In the present study, the suitability of combining MMSE and CDT for identifying individuals with adverse outcomes was examined. Our results showed that MMSE + CDT was not ideal for discrimination among total patients. However, it was relatively useful when combined additionally with the Fried phenotype for identifying adverse outcomes in older male patients with CVD. The AUC value obtained for the MMSE + CDT + Fried phenotype in all patients was 0.65, and the AUC for men was 0.71, while that for women was 0.60.
We believe that several factors contributed to these gender differences. First, the number of elderly non-married women was greater than that of men, especially in the CI and CF groups; the loss of a spouse is associated with a marked decline in memory in older adults and has an independent effect on memory functioning [45], which causes them to further lose the support of their families and makes it less convenient for them to be hospitalized and seek medical advice. Second, elderly women are less economically independent, which leads to difficulty in seeking medical help, and their exposure to stimulating environments might be limited.
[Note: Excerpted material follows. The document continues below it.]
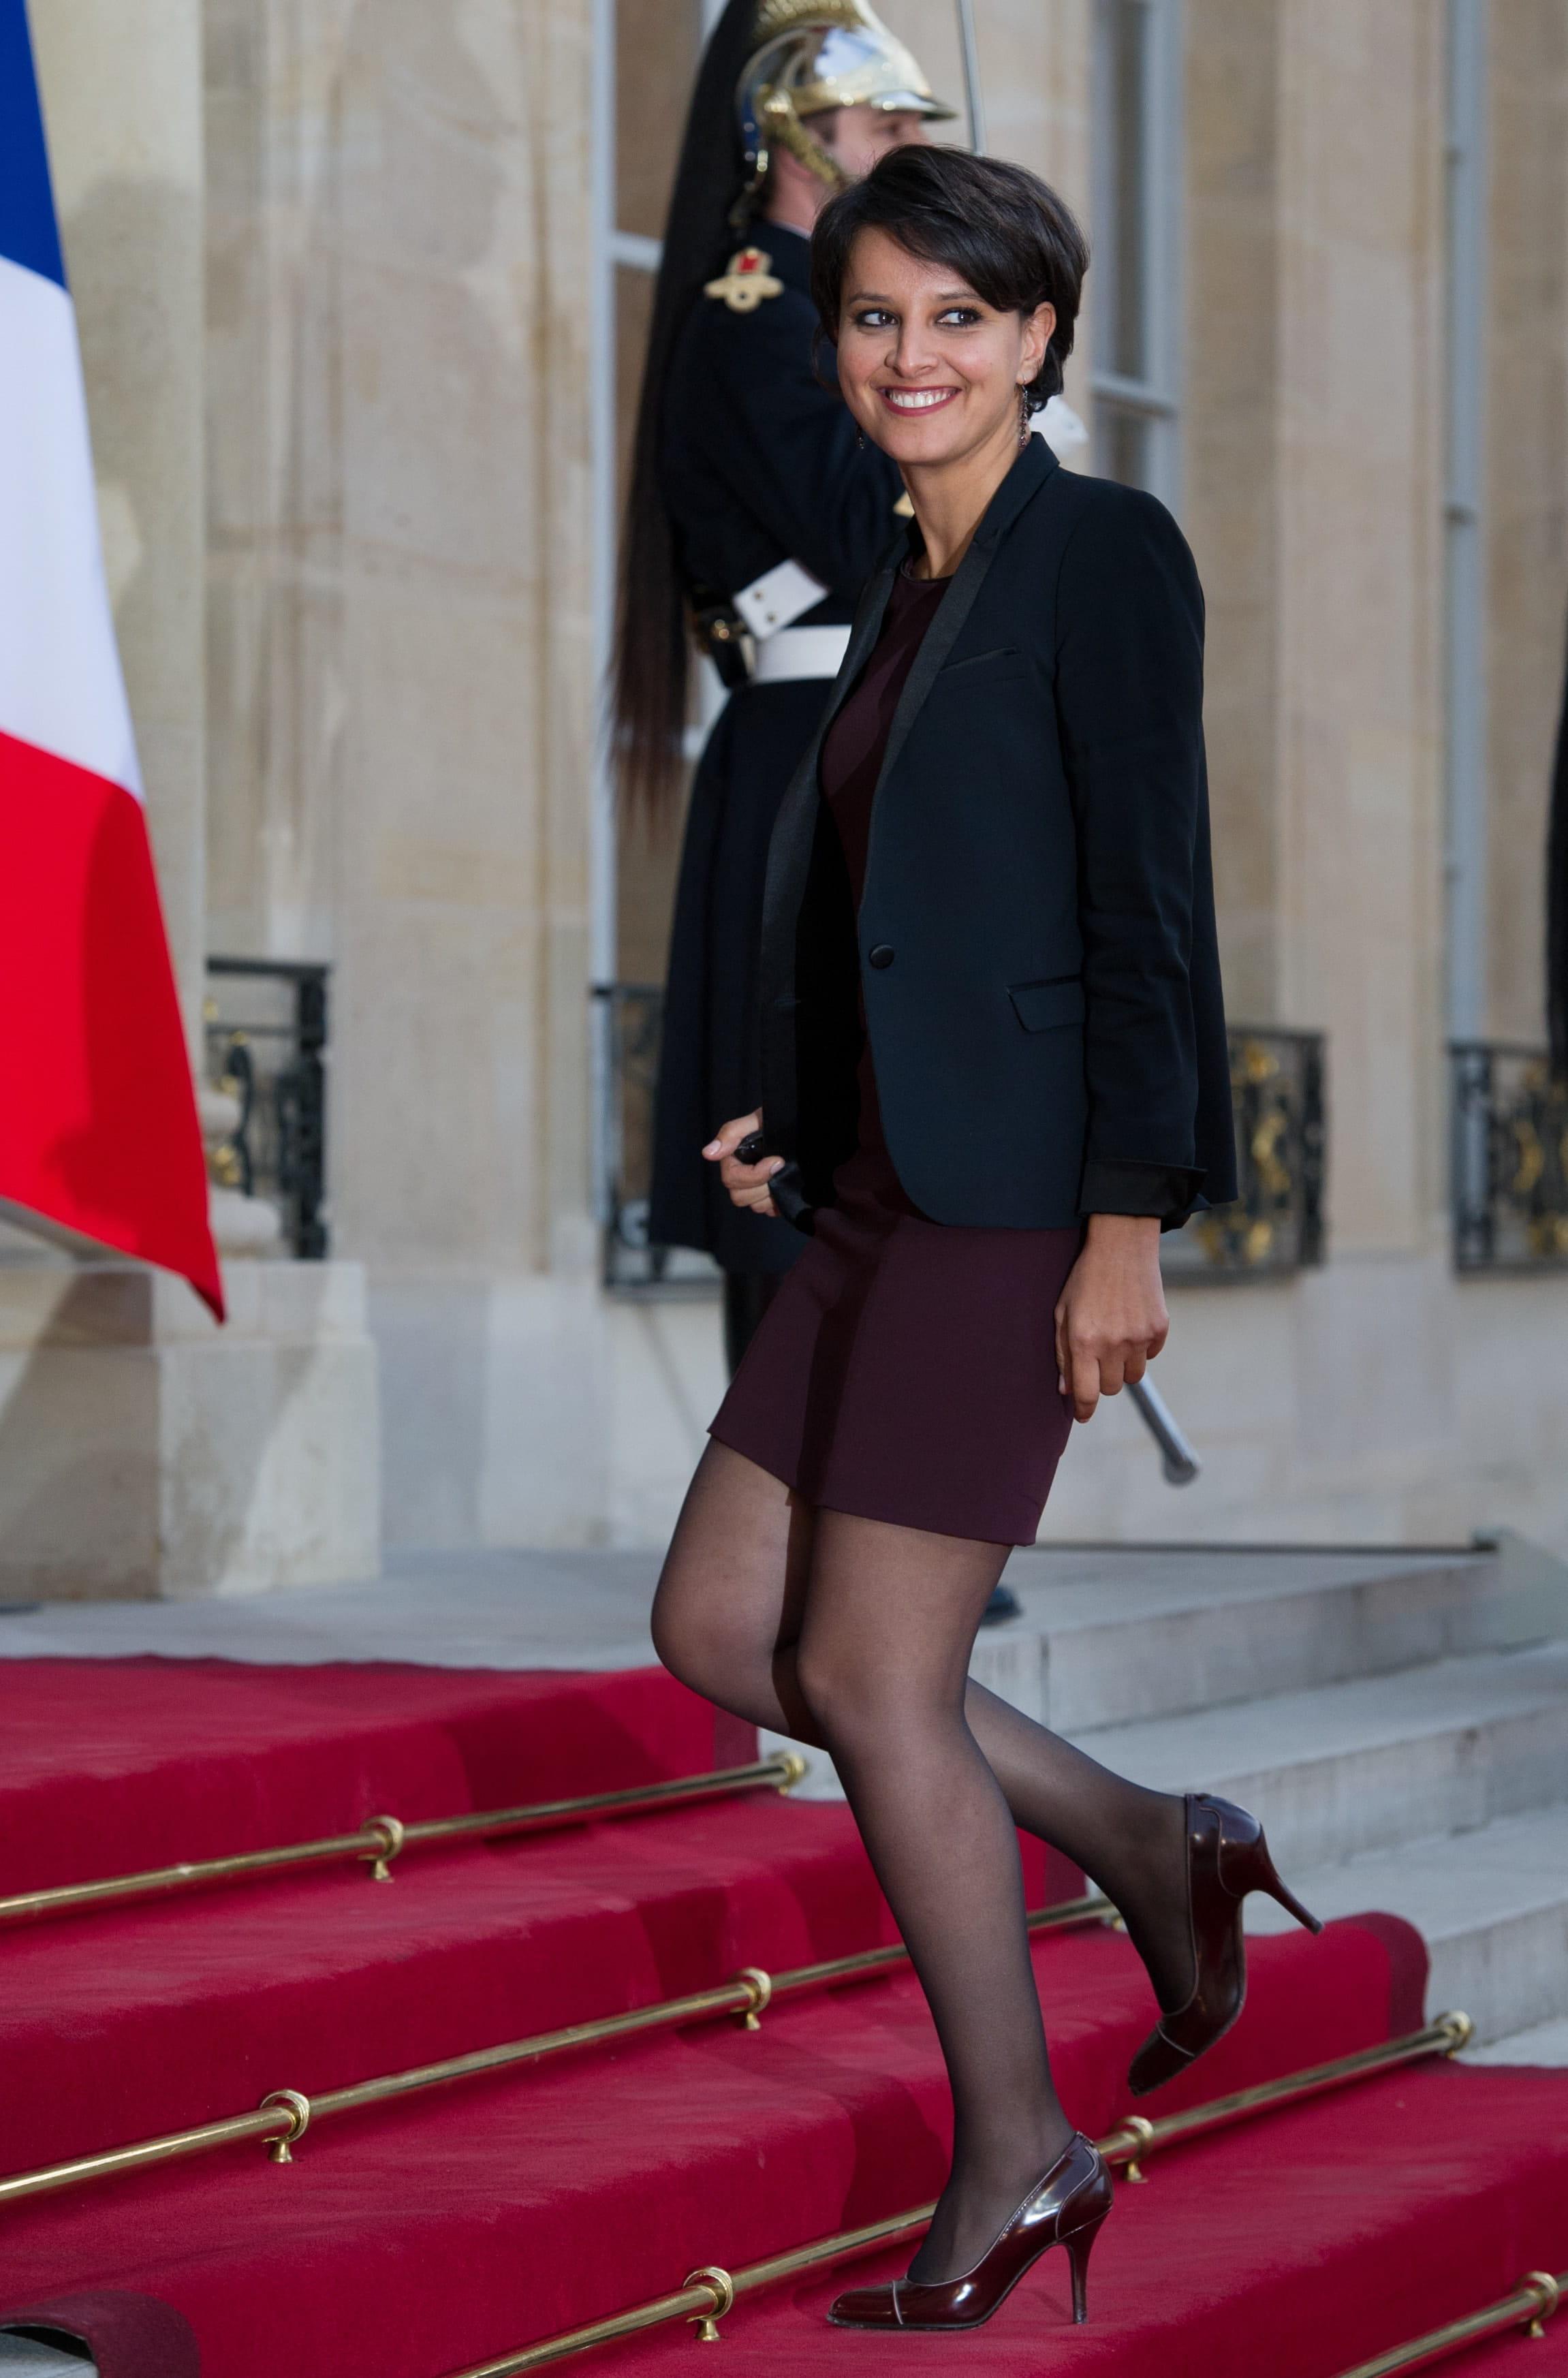 Najat vallaud belka cem montre sa culotte - Sonia mabrouk mariee biographie ...

Finally, some studies have shown that women with cognitive impairment have greater longitudinal rates of cognitive and functional progression than men, the conjecture being that this might induce changes in carers’ attitudes to protect the women [46]. Further research on gender differences and adverse outcomes should be performed in the future.
Study limitations
Several limitations associated with the present study warrant mention. First, this was a cross-sectional study with a short-term follow-up, and there were four deaths, so the guidance concerning the short-term prognosis focused on the non-elective hospital readmission; however, a longer-term follow-up study in this population is currently being conducted by our group. Second, these data were collected from patients at one hospital, so the results may not necessarily be directly transferable to patients from different locations, although this approach allowed for the more convenient follow-up of these patients. Third, the study only included hospitalized patients, so nothing can be inferred from this study about elderly people living in the community. In addition, the small sample size is the main reason why we did not conduct a subgroup analysis of single diseases. Fourth, with the limited length of stay, we did not have an accurate assessment of sarcopenia. Finally, the combination of MMSE and CDT is not a very sensitive means of detecting subtle impairments of cognitive function, so we may have underestimated the proportion of people with cognitive impairment in the present study.